#### Exercise:
Down to the final line, write out the material beneath exactly, without pictures.
━━ Exercise data ━━
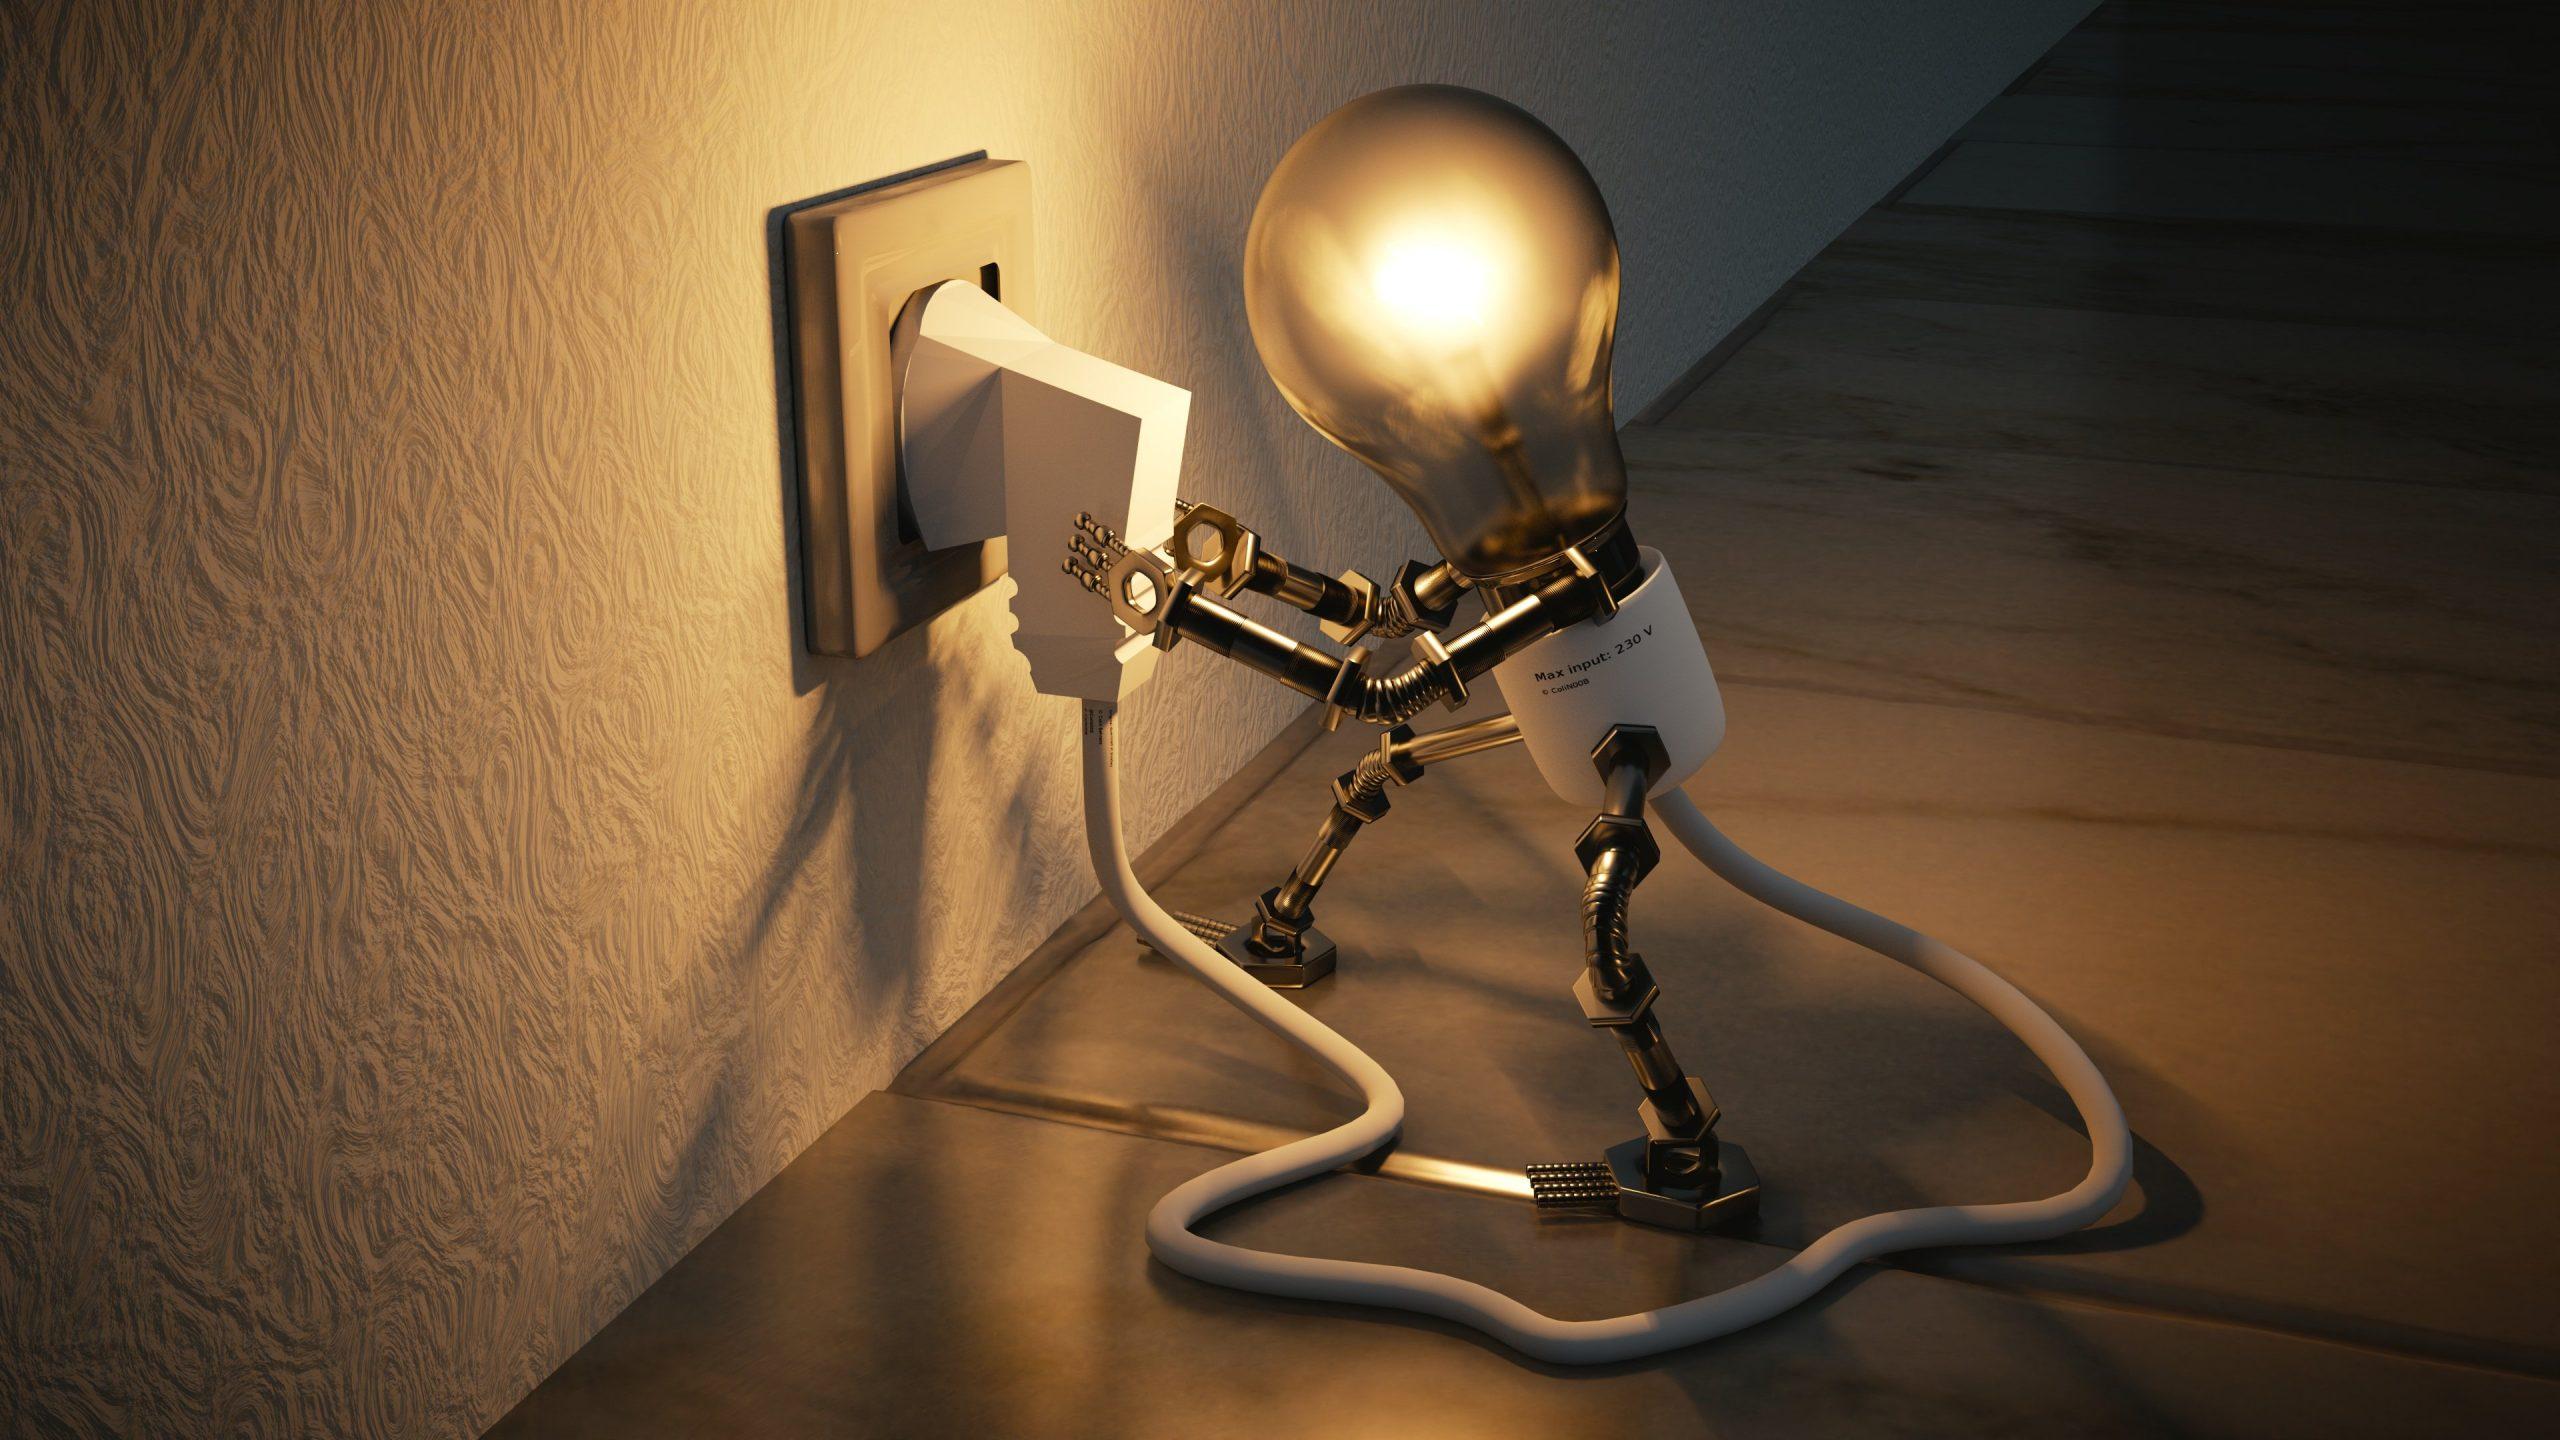 Beratung, Hotelberatung, Glühbirne steckt sich selbst in eine Steckdose ein.
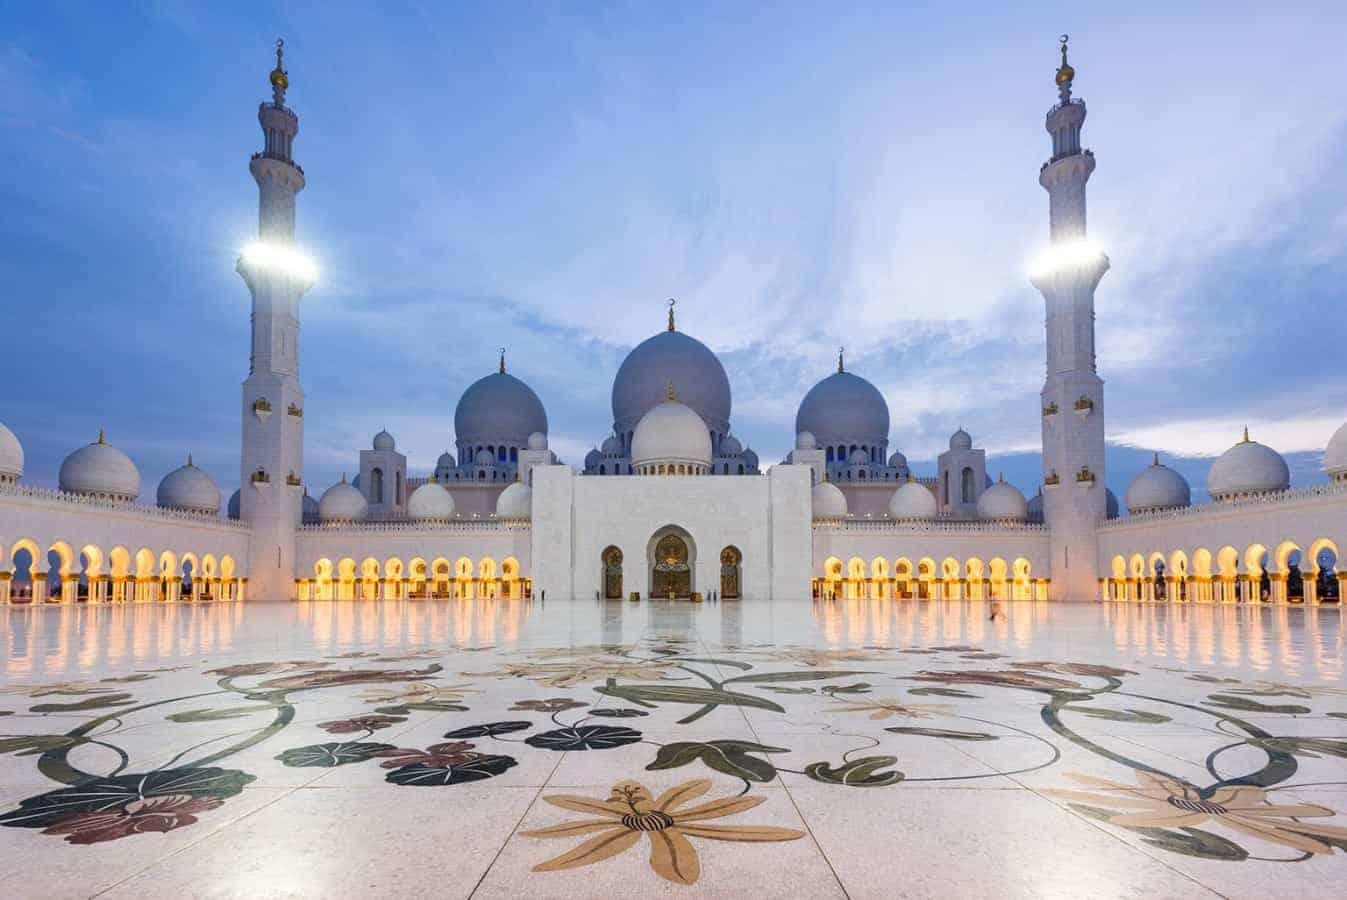 جولة معالم مدينة ابو ظبي بالكامل لاستكشاف المدينة و تاريخها
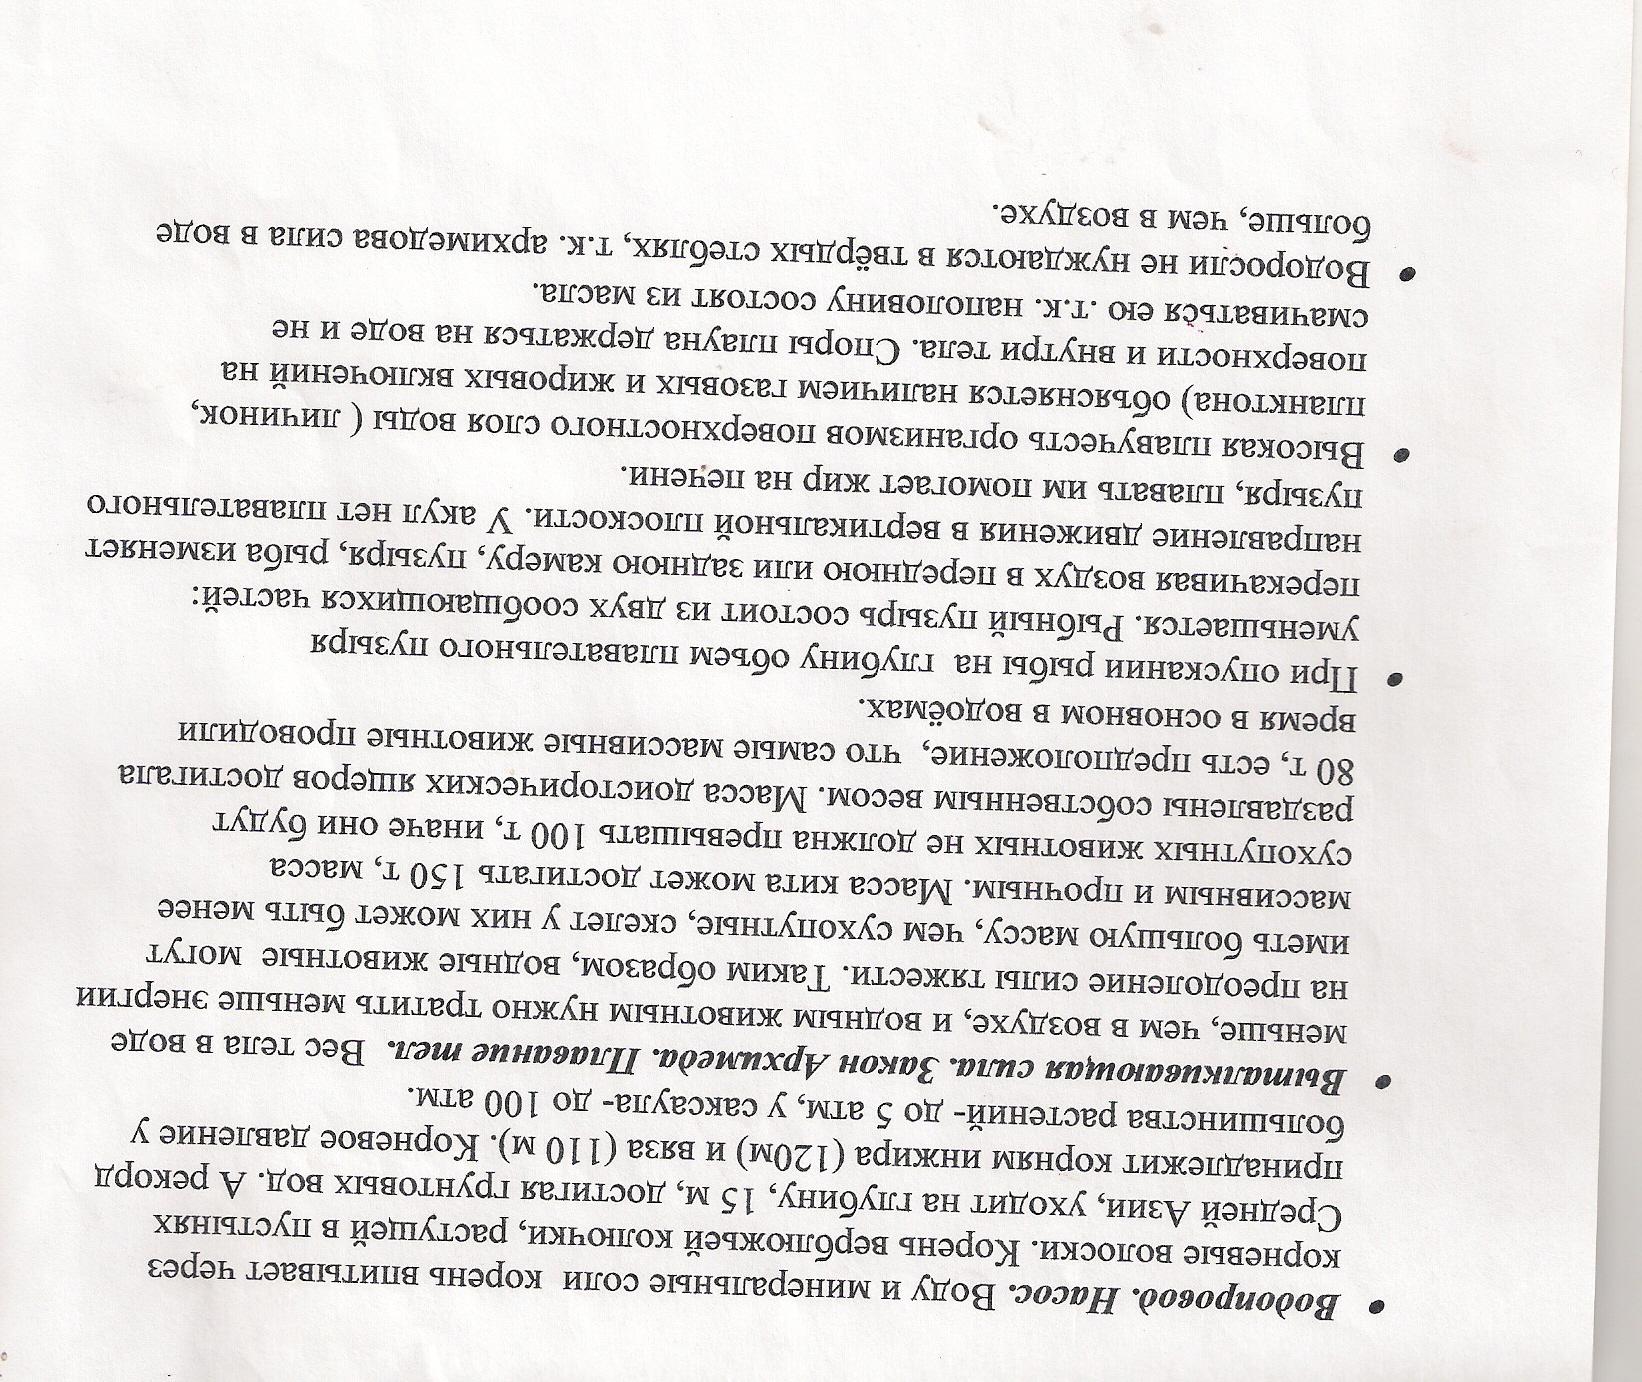 F:\ДЕЛАТЬ ПРОЕКТ\2012-03 (мар)\сканирование0031.jpg
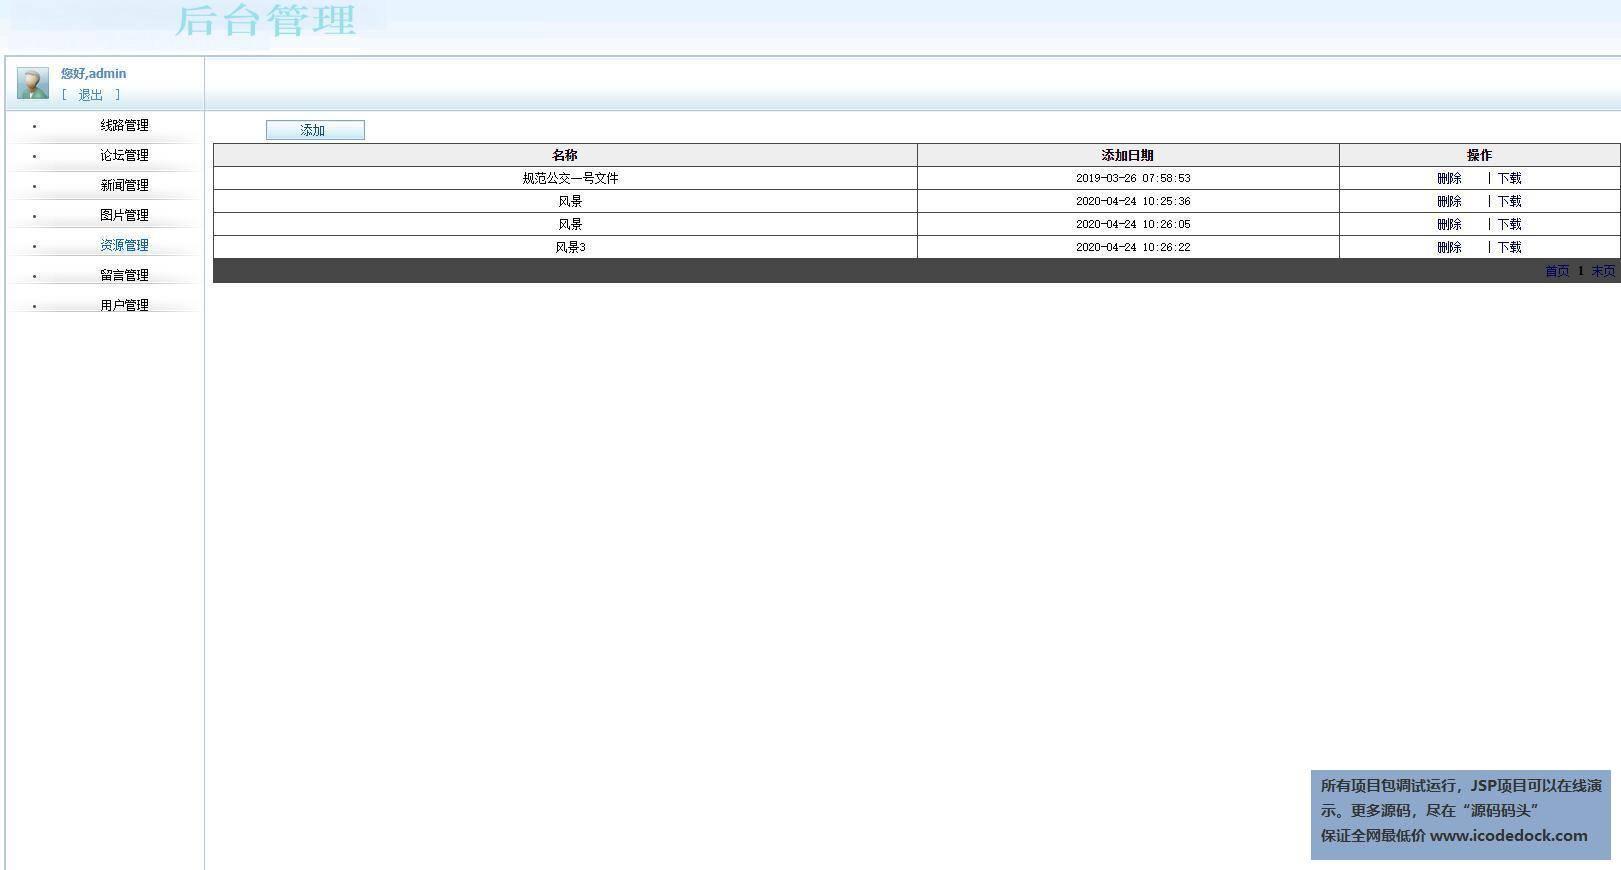 源码码头-SSH公交路线查询网站系统-管理员角色-资源管理
━━━
#### Answer space:
 Beratung, Hotelberatung, Glühbirne steckt sich selbst in eine Steckdose ein.
 جولة معالم مدينة ابو ظبي بالكامل لاستكشاف المدينة و تاريخها
 F:\ДЕЛАТЬ ПРОЕКТ\2012-03 (мар)\сканирование0031.jpg
 源码码头-SSH公交路线查询网站系统-管理员角色-资源管理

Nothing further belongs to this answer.